Often, startups are highly resource-constrained and need to pay close attention to how funds are allocated to get to profitability. While a full information security program (handling all security best practices) is an important step in maturing your company or product, it is not the first step you should take.

Most startups can’t afford to just spend money on “all the things” for security—it is a bottomless pit of expense. The security expense needs to be scaled to the size of your business, and the amount of risk you have. So, how much and what kind of information security does a startup need?

To take on established players using only venture capital or sweat equity and grit, a startup must be ruthlessly efficient, spending only on that which will bring the business to profitability sooner.
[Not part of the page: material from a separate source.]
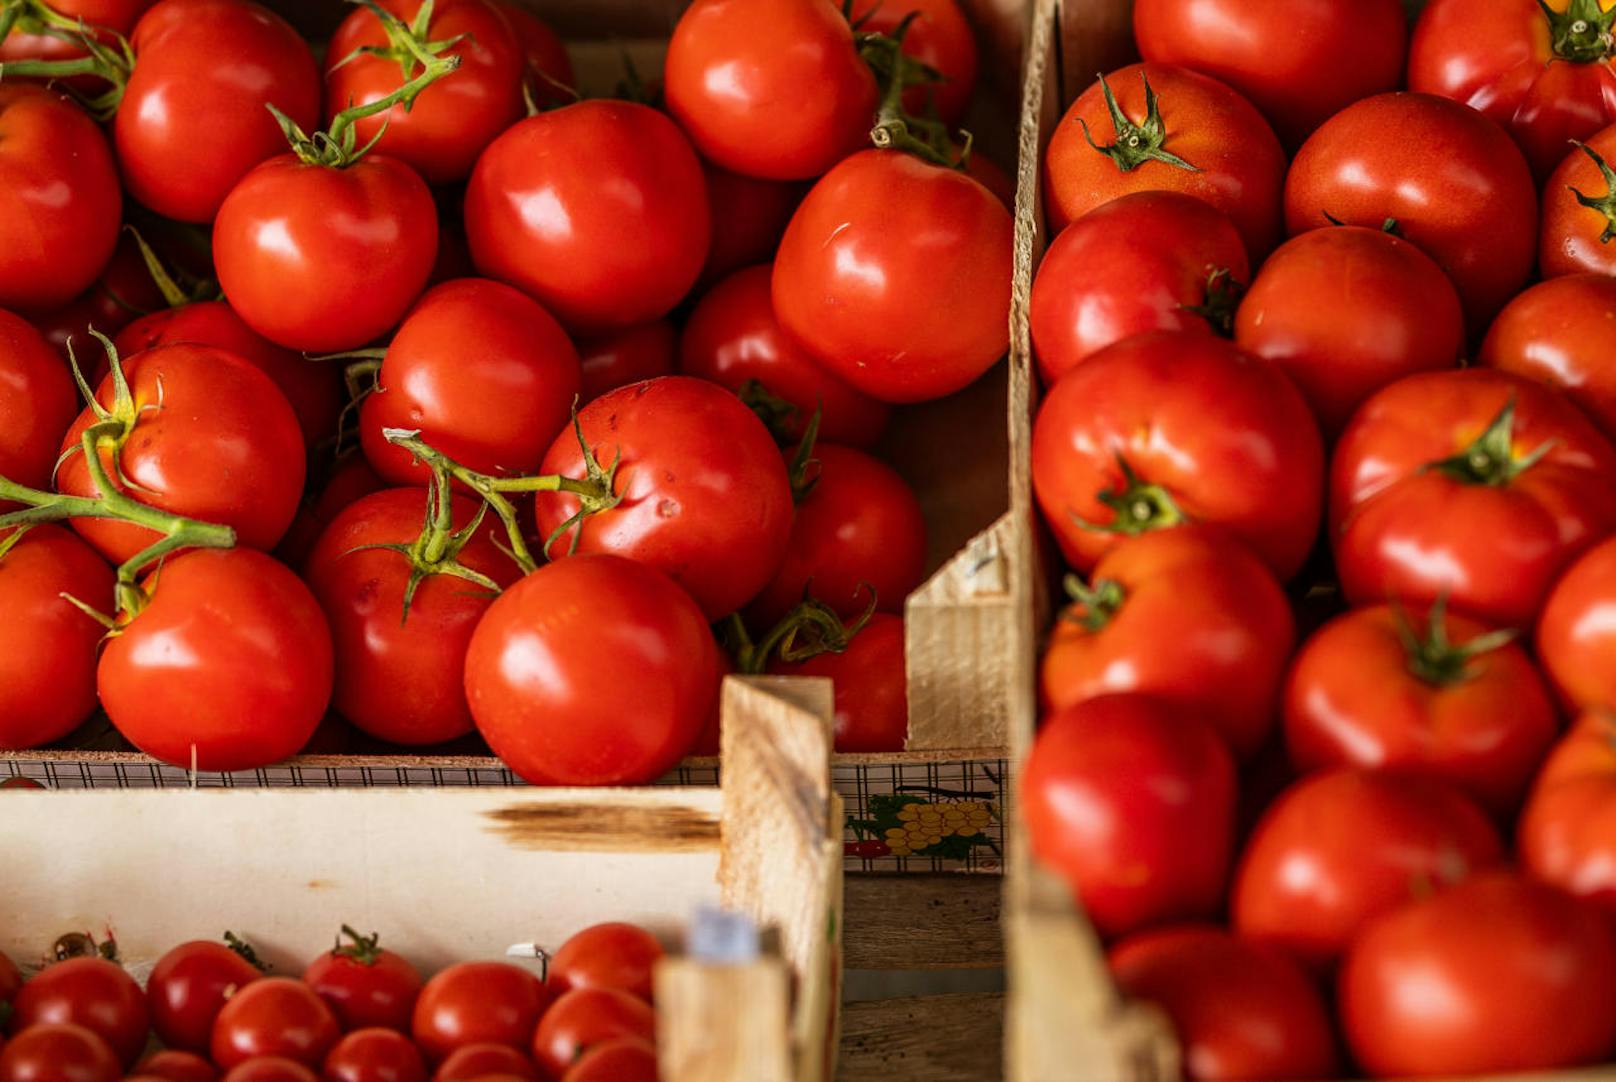 Auch Paradeiser stammen aus der Neuen Welt. Im Bild: Verschiedene Tomaten-Sorten auf einem Markt in Fazana, Kroatien.
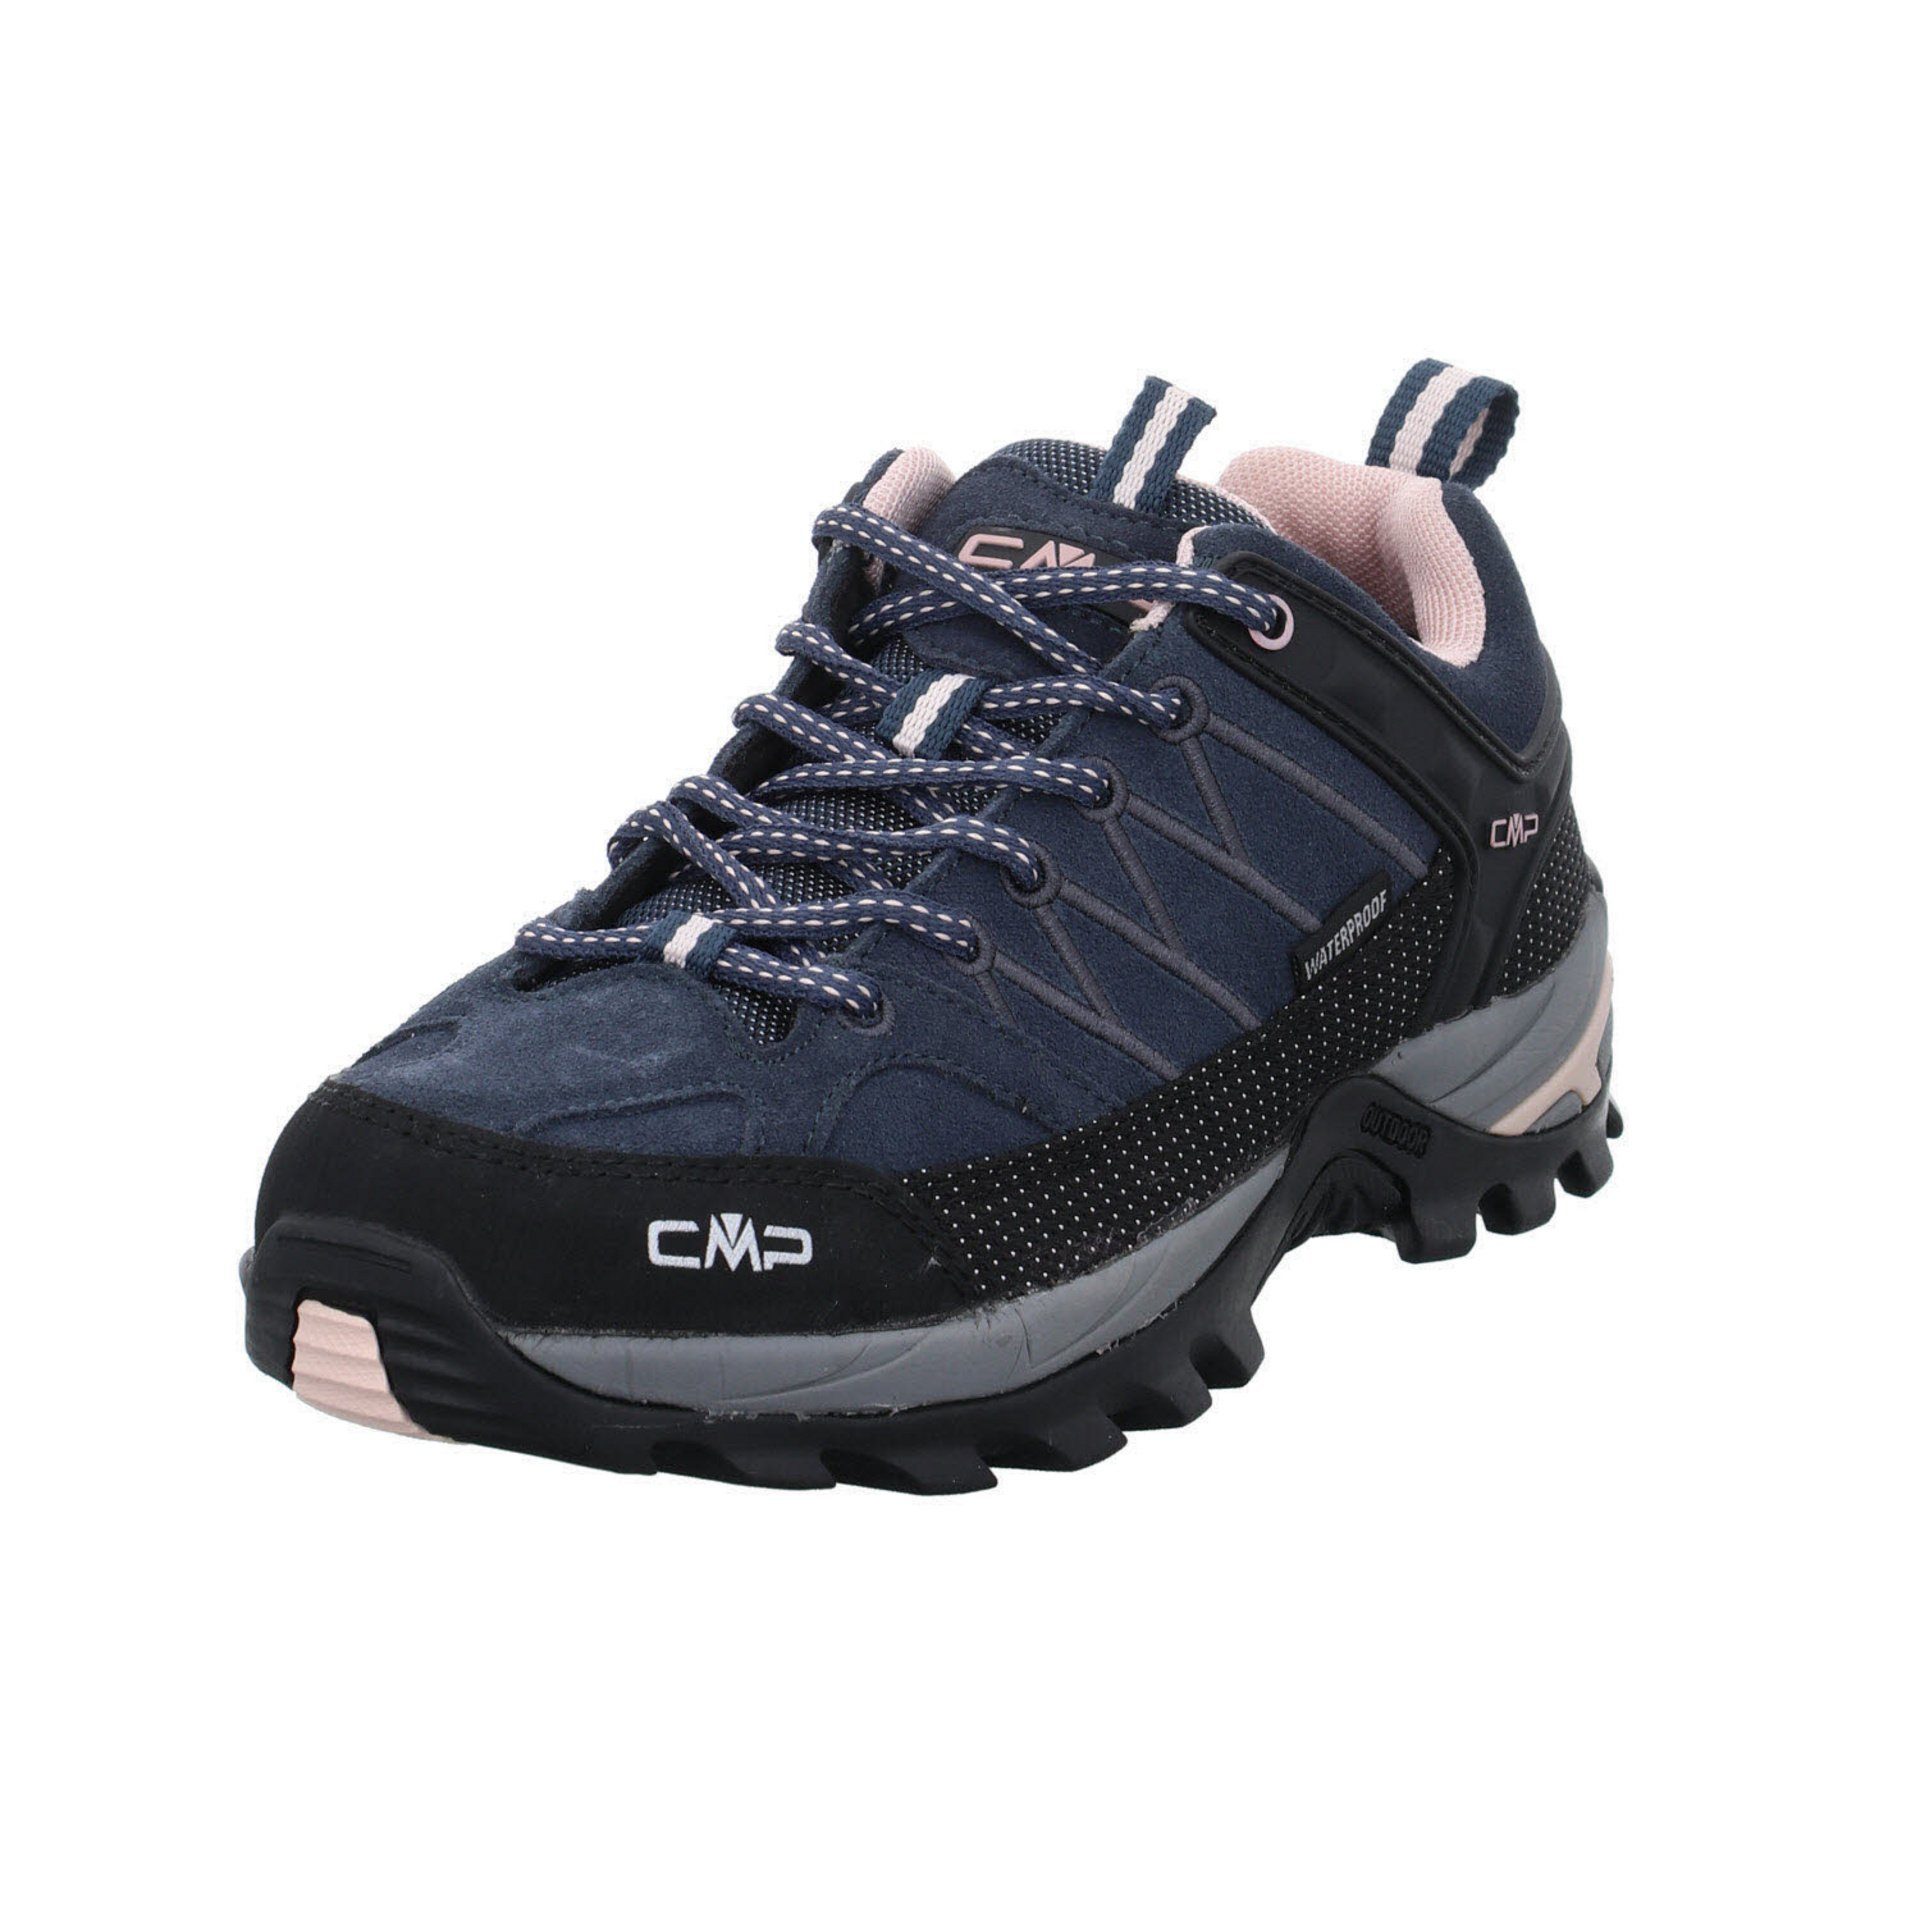 CMP Damen Schuhe Outdoor Riegel Low Outdoorschuh Outdoorschuh Leder-/Textilkombination 53UG ASPHALT-ANTRACITE-ROSE

So, a startup must strategically focus only on what is essential for that specific business and work toward taking on the remaining security best practices as the company grows and matures.

How vulnerable are you?

At one extreme, a kid’s lemonade stand is all-cash and has no network connectivity, and so is not vulnerable to cyber threats at all. At the other end of the spectrum are internet startups, which are very vulnerable; their only products are the digital content that they provide to their users, and they store their customers’ information online.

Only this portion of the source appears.